U.S. Attorney for the District of Columbia Matthew M. Graves said after the sentencing, “Thomas Robertson, despite swearing an oath of office when he became a police officer, joined the violent mob at the Capitol on Jan. 6, 2021, and did so while armed.” Robertson was carrying a stick. The sentence handed down today “makes him pay for his part in the violence that day.”

After their arrest on January 6, both Roberston and Fracker were dismissed from the Rocky Mount Police Department.

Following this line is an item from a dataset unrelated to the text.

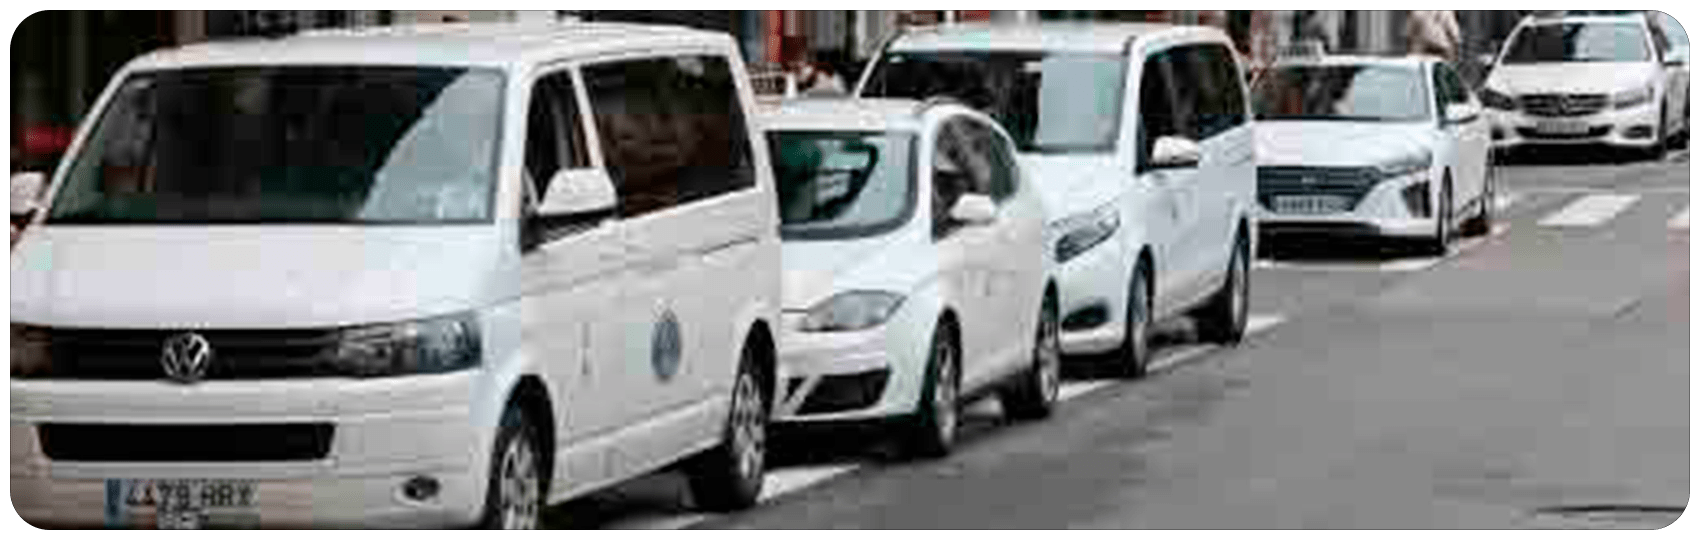 Noticias del Taxi en Avilés

The prosecution requested a sentence for Robertson that would have set a new record, but Judge Cooper opted for a sentence near the bottom of the sentencing guidelines. In giving Robertson a sentence that matched that of Guy Reffitt, another Jan. 6 defendant who went to trial, Cooper noted that their cases were similar in many ways.

Cooper stated his doubt that Robertson had truly accepted blame for his behavior on January 6th.

On Thursday, a federal prosecutor said at Robertson’s sentencing that on January 6th, Robertson “used his law enforcement and military training” to prevent Metropolitan Police Department officers from doing their jobs. Robertson, they claimed, displayed “utter disregard for the rule of law” by continuing to deal firearms after his arrest.

The Justice Department claimed in documents filed before Robertson’s sentencing that he lied about his military service and other details of the case.

Prosecutors have focused on a text message sent by Robertson after his arrest in which he boasts that he can “kill every agent that they send for probably 2 weeks.” Possibly for a longer time.”

Cooper was very worried about the things Robertson had done after his arrest, like promoting violence and trafficking firearms.